In a somewhat surprising twist amid fierce industry competition, the leaders of two top prediction market platforms have pooled resources to back a specialized venture capital fund. Kalshi CEO Tarek Mansour and Polymarket CEO Shayne Coplan are key investors in 5c(c) Capital, a new firm raising up to $35 million to support early-stage companies building tools and services for the rapidly expanding prediction markets industry.
The fund, spearheaded by two former Kalshi staff members—Adhi Rajaprabhakaran, previously involved in market-making operations, and Noah Zingler-Sternig, a one-time head of operations—takes its name from a specific provision in the Commodity Exchange Act.
This clause underpins federal oversight of event contracts, the core mechanism behind prediction trading.
Over the next two years, the vehicle plans to deploy capital into roughly 20 startups, with a sharp focus on foundational infrastructure, including advanced market-making systems, custom indices for event outcomes, and other backend technologies essential for scaling these platforms.
Prediction markets enable users to trade contracts tied to real-world events, from election results to sports scores and economic indicators, effectively turning collective foresight into tradable assets.
The sector has seen explosive growth in recent years, drawing billions in trading volume and attracting mainstream attention.
Yet Kalshi and Polymarket have long been locked in a high-stakes battle for dominance, each offering regulated access to U.S. users while navigating complex legal terrain.
Their joint investment in 5c(c) Capital underscores a shared belief that strengthening the ecosystem benefits everyone, even direct competitors.
The fund has also drawn support from heavyweight venture investors, including Marc Andreessen, Ribbit Capital’s Micky Malka, and Kyle Samani, formerly of Multicoin Capital.
This collaborative spirit mirrors a broader trend across the financial technology landscape. Major platforms have aggressively entered the space to capture retail interest and diversify beyond traditional offerings.
Robinhood, for example, partnered early with Kalshi to roll out a dedicated prediction markets hub, later adding sports contracts that fueled significant revenue gains and helped drive its stock performance.
Coinbase has similarly expanded, launching event-based trading features and exploring USDC settlements in collaboration with established players as part of its push to become a full-service exchange.
Gemini introduced its own “Gemini Predictions” product in late 2025, initially centered on sports events, positioning itself as a nimble competitor.
Other crypto exchanges, such as Kraken, have signaled similar ambitions, integrating or planning event contracts to tap into the same demand.
Analysts view these moves as evidence of prediction markets maturing from niche experimentation into a core financial product.

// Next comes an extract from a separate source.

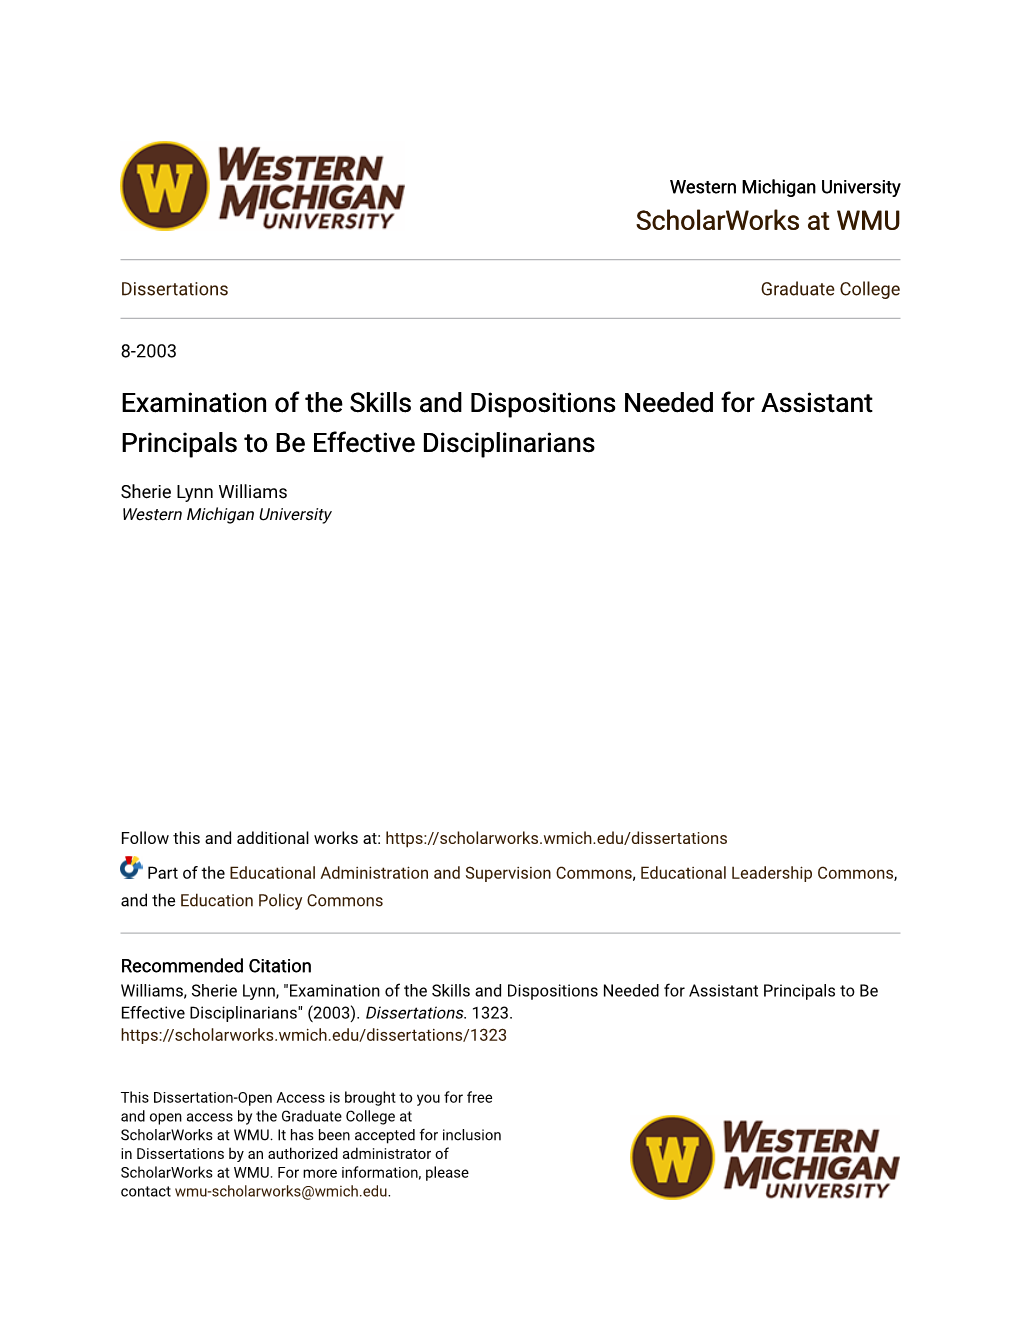 Examination of the Skills and Dispositions Needed for Assistant Principals to Be Effective Disciplinarians

By investing in specialized infrastructure, 5c(c) Capital aims to address liquidity challenges, improve settlement efficiency, and foster innovation that could sustain the sector’s momentum.
With regulatory scrutiny intensifying and trading volumes hitting record highs, the fund’s launch signals robust confidence in prediction markets as a “generational opportunity.”
Industry professionals will now aim to monitor how these investments translate into new tools that enhance accessibility and reliability for everyday users. Ultimately, this alignment between rivals could accelerate the mainstream adoption of a technology once dismissed as fringe betting.